### RECORDED DATA ###
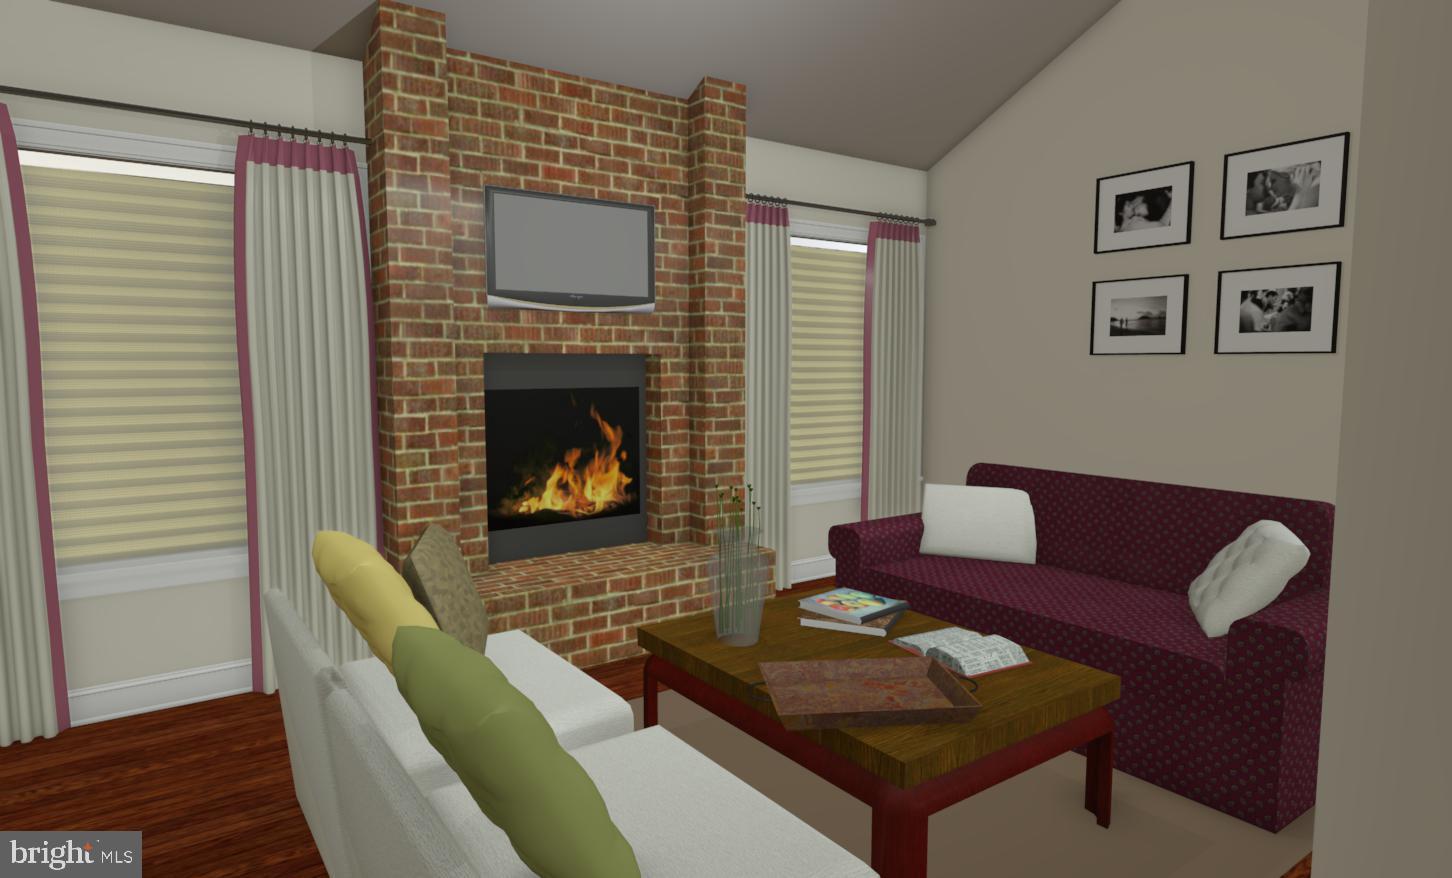 403 WILLOWBROOK DR, North Brunswick, NJ 08902 North Brunswick NJ
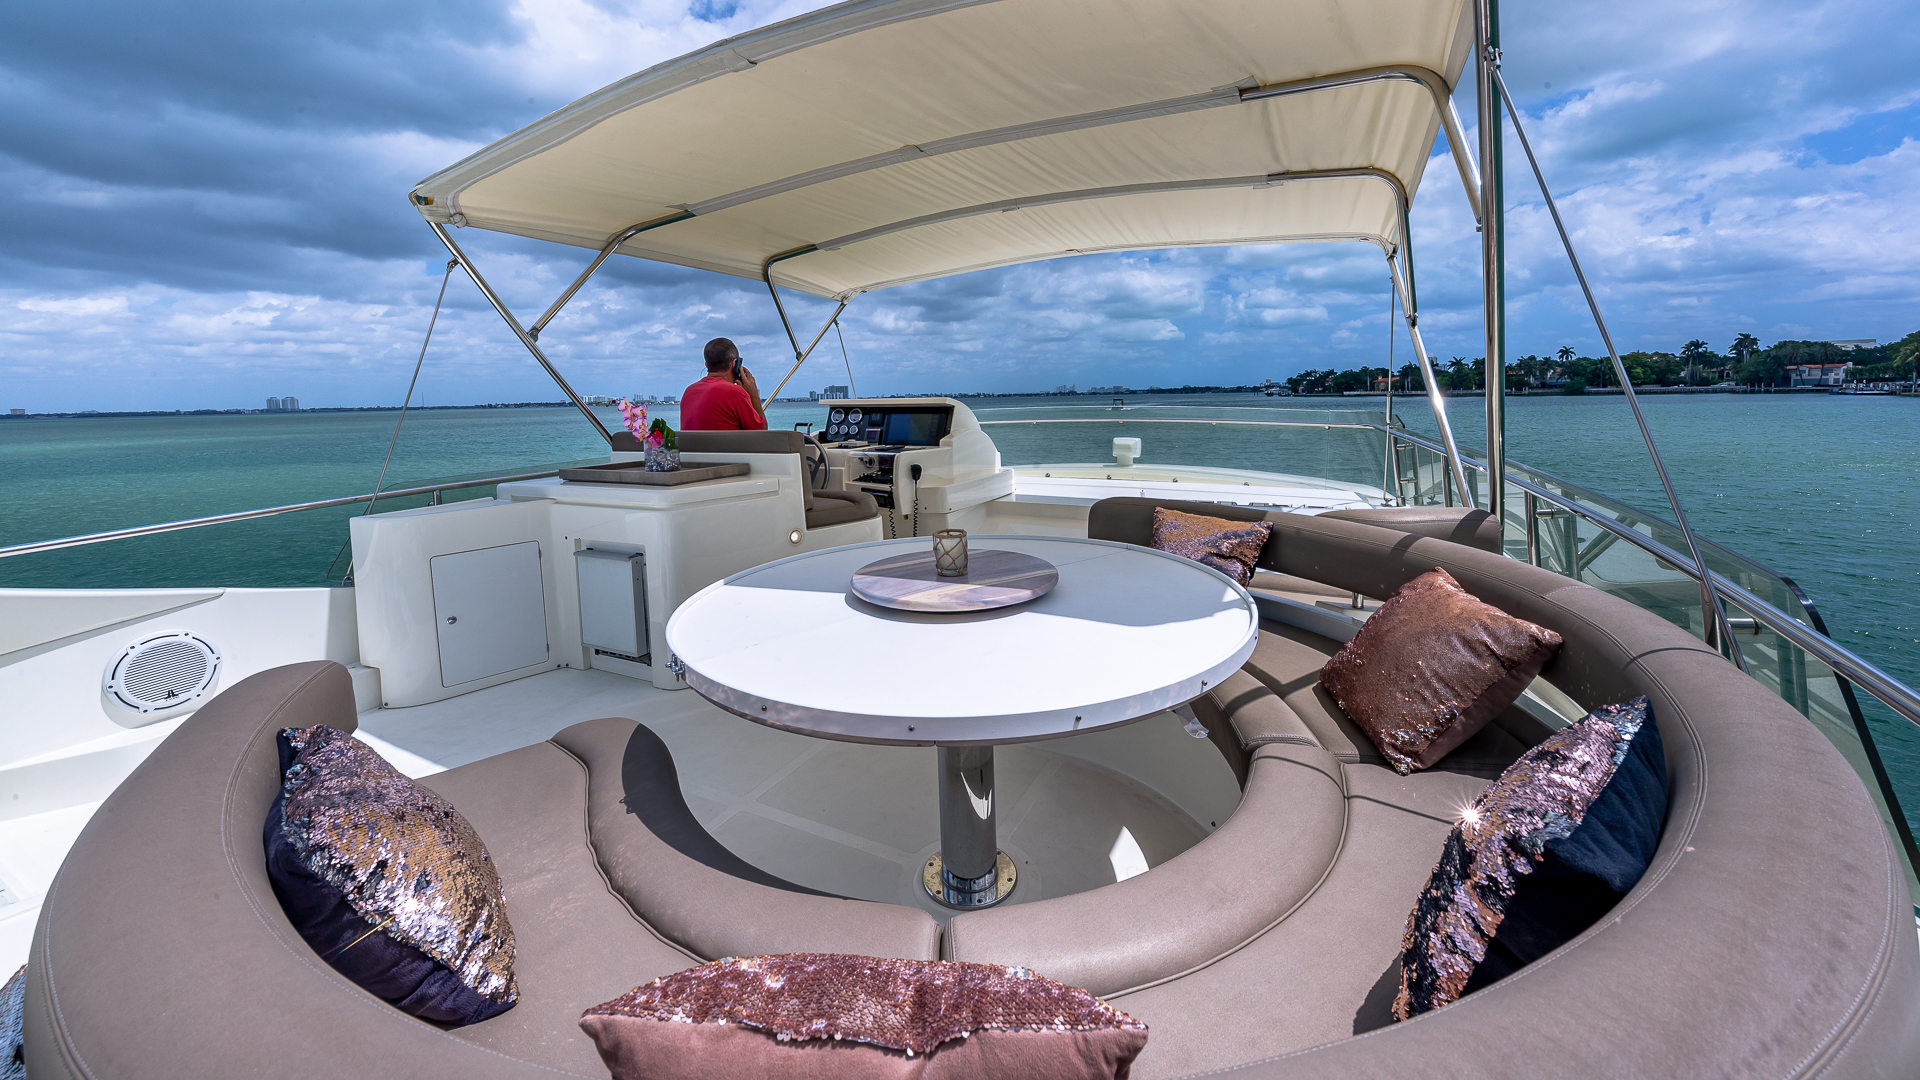 70' Ferretti Luxury Yacht Charters Miami 6
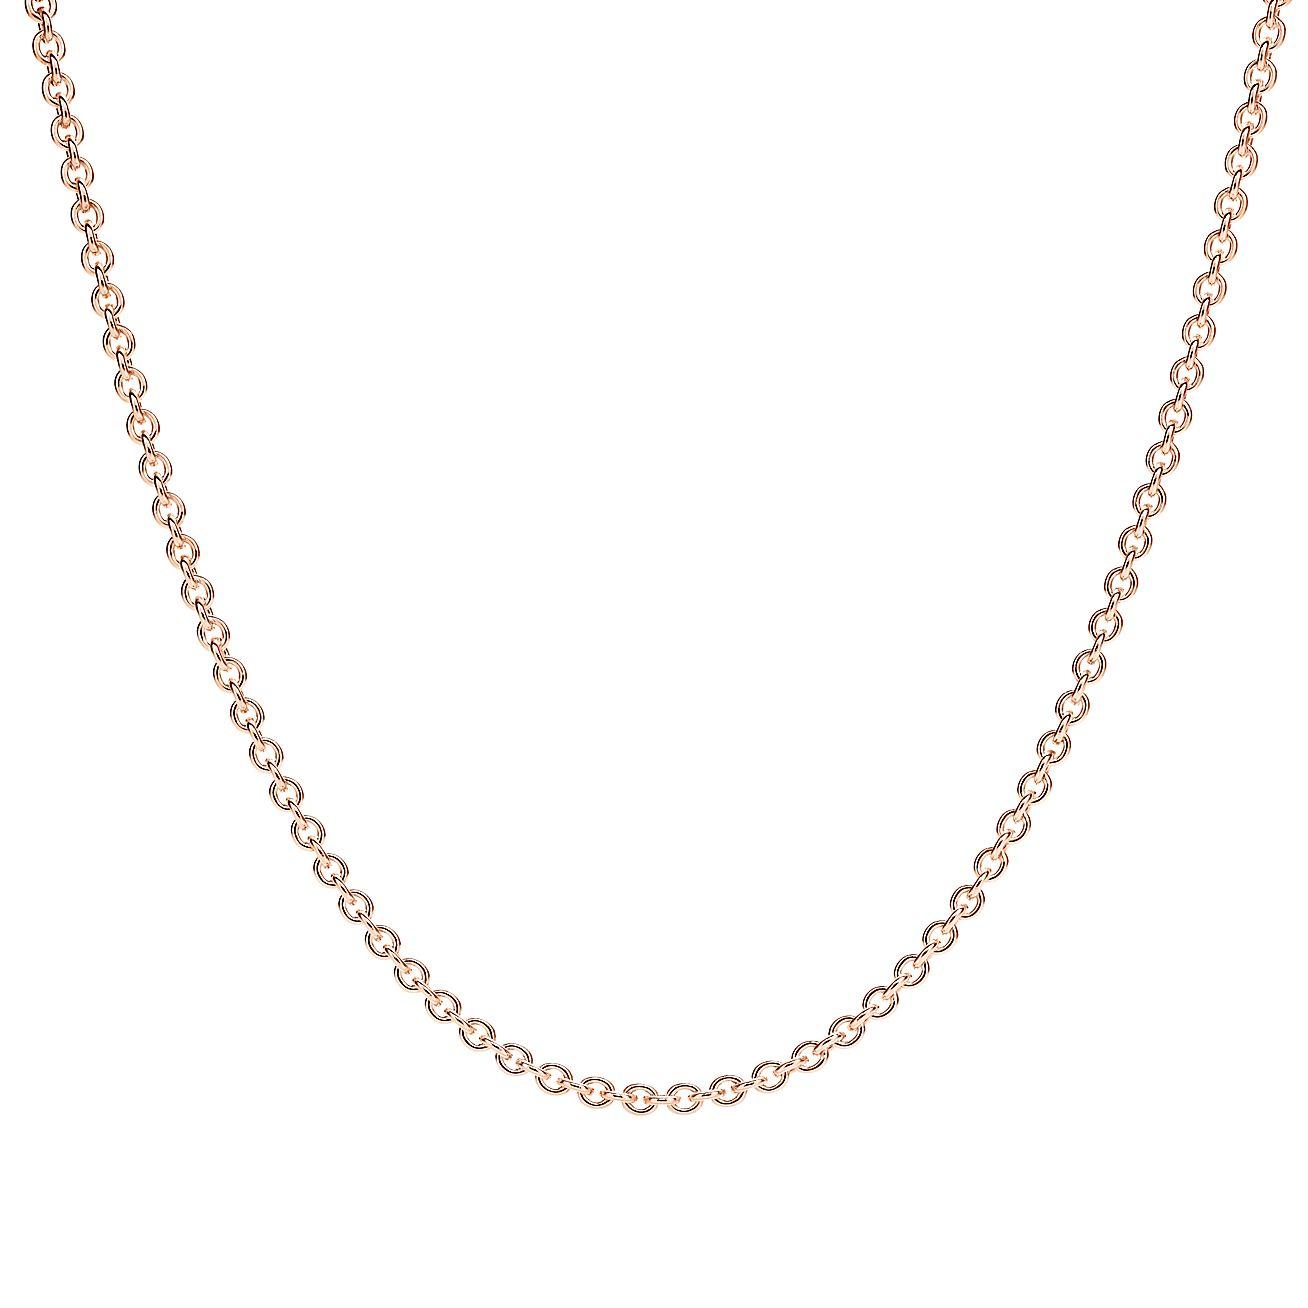 Chain in 18k rose gold 370e31de1
###
**PROBLEM TO WORK ON:** Once the pictures are set aside, give the listing again word for word.

**ANSWER BOX:**
 403 WILLOWBROOK DR, North Brunswick, NJ 08902 North Brunswick NJ
 70' Ferretti Luxury Yacht Charters Miami 6
 Chain in 18k rose gold 370e31de1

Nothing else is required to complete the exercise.